What if the learning happened locally, automatically, without any LLM involvement?

What AuraSDK does differently

AuraSDK is a cognitive layer that runs alongside any LLM. It observes interactions and — without any LLM calls — builds up a structured understanding of patterns, causes, and behavioral rules.

from aura import Aura, Level

brain = Aura("./agent_memory")
brain.enable_full_cognitive_stack()

# store what happens
brain.store("User always deploys to staging first", level=Level.Domain, tags=["workflow"])
brain.store("Staging deploy prevented 3 production incidents", level=Level.Domain, tags=["workflow"])

# sub-millisecond recall — inject into any LLM prompt
context = brain.recall("deployment decision")

# after enough interactions, the system derives this on its own:
hints = brain.get_surfaced_policy_hints()
# [{"action": "Prefer", "domain": "workflow", "description": "deploy to staging first"}]

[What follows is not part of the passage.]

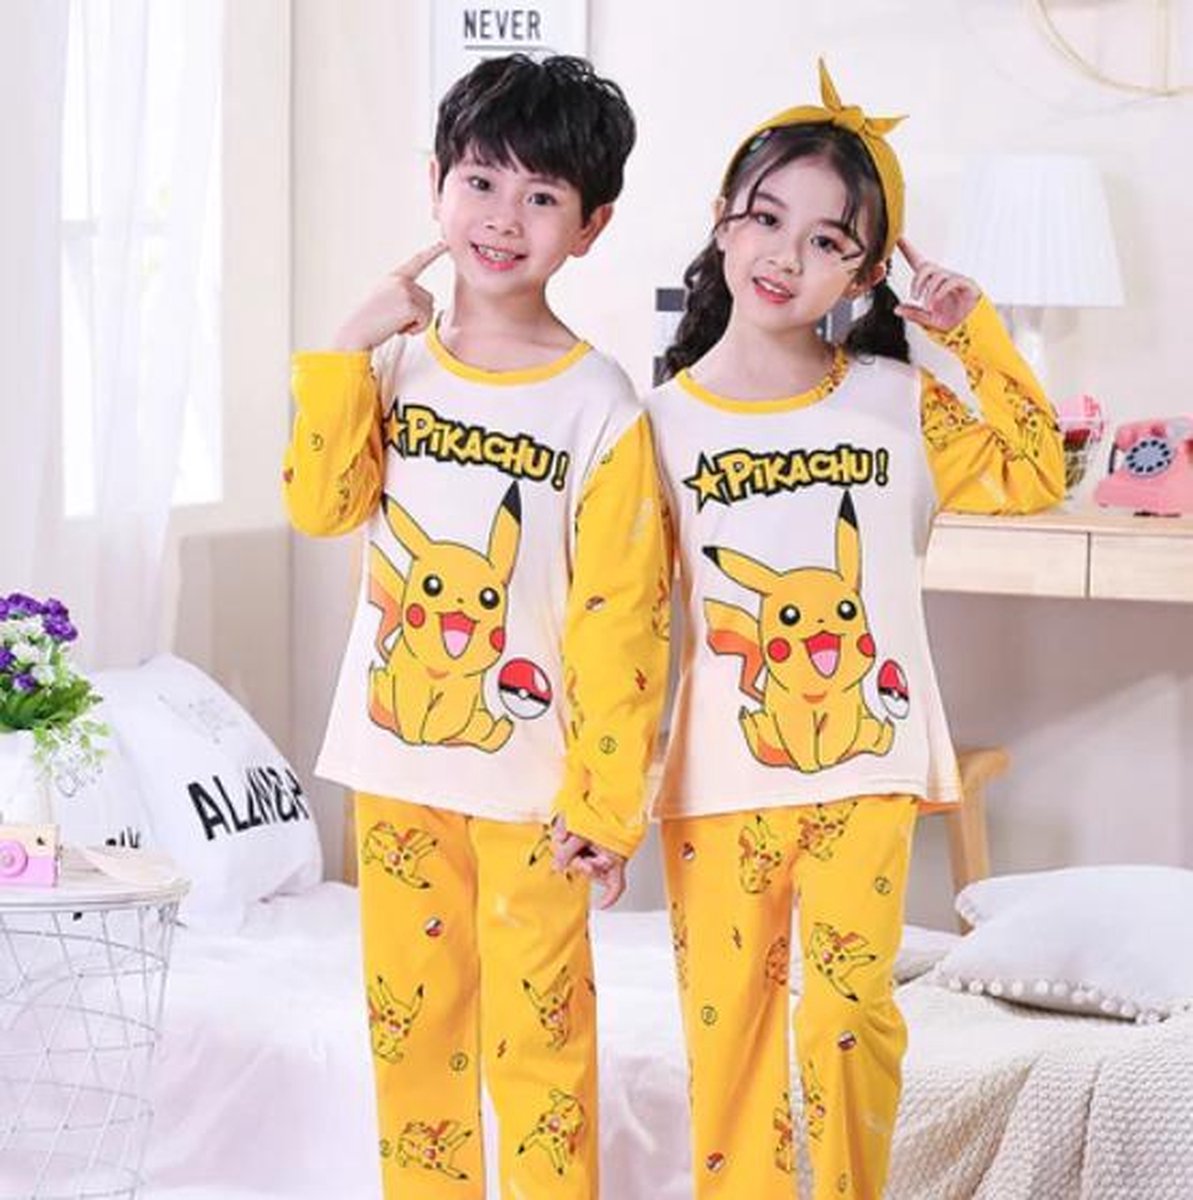 Cyberruimte Almachtig Aap Pokémon pyjama Pikachu - Pyjama - Pokémon - Kinderen - Slapen - Nachtkleding  | bol.com
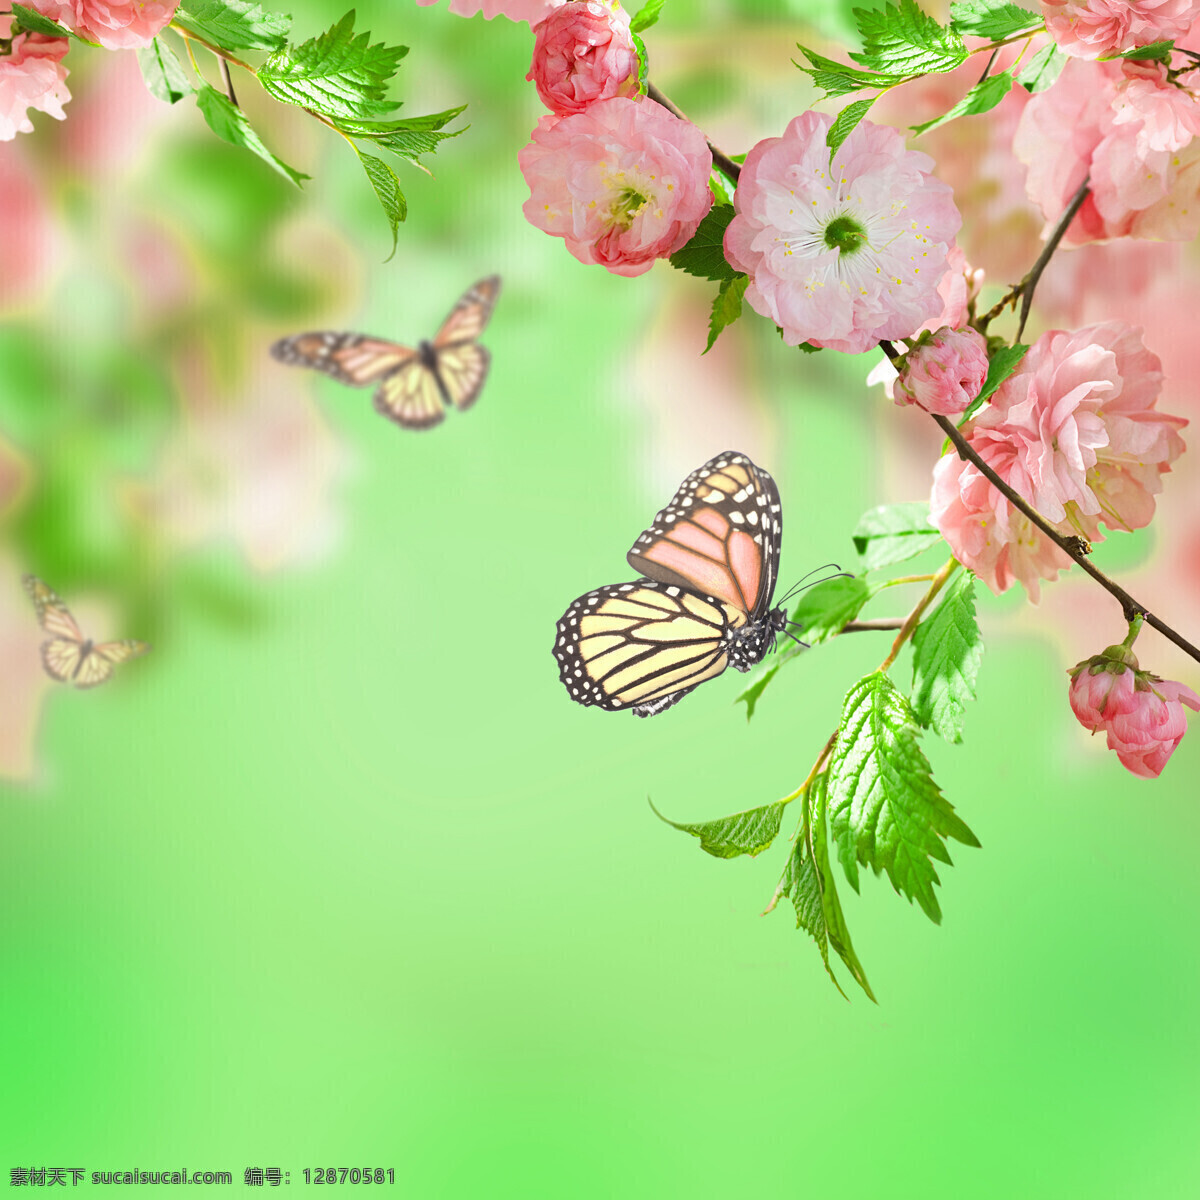 鲜花 蝴蝶 梦幻 背景 素材图片 梦幻背景 花朵 叶子 植物 动物 花草树木 生物世界

Nobody wrote that policy rule. The system derived it from the pattern of stored observations.

The cognitive pipeline

AuraSDK processes every stored record through 5 layers:

Record → Belief → Concept → Causal → Policy

Each layer is bounded and deterministic:

Belief: groups related observations, resolves contradictions
Concept: discovers stable topic clusters across beliefs
Causal: finds cause-effect patterns from temporal and explicit links
Policy: derives behavioral hints (Prefer / Avoid / Warn) from causal patterns

The entire pipeline runs in milliseconds. No LLM. No cloud. No embeddings required.

Try it in 60 seconds

pip install aura-memory
python examples/demo.py

Output:

Phase 4 - Recall in action

  Query: "deployment decision"  [0.29ms]
    1. Staging deploy prevented database migration failure
    2. Direct prod deploy skipped staging -- caused data loss

  Query: "code review"  [0.18ms]
    1. Code review caught SQL injection before merge
    2. Code review found performance regression early

5 learning cycles completed in 16ms. Recall at 0.29ms.

How it compares

	AuraSDK	Mem0	Zep	Letta
LLM required for learning	No	Yes	Yes	Yes
Works offline	Fully	Partial	No	With local LLM
Recall latency	<1ms	~200ms+	~200ms	LLM-bound
Self-derives behavioral policies	Yes	No	No	No
Binary size	~3MB	~50MB+	Cloud	Python pkg

What's new in v1.5.3

Full 5-layer cognitive pipeline active by default
enable_full_cognitive_stack() — one call to activate everything
Decay now driven by memory level, not manual type labels
Policy hints now work with explicit causal links (link_records())
demo.py — see it working in 60 seconds

Built in Rust, from Kyiv

Pure Rust core. No Python dependencies for the engine. Patent pending (US 63/969,703).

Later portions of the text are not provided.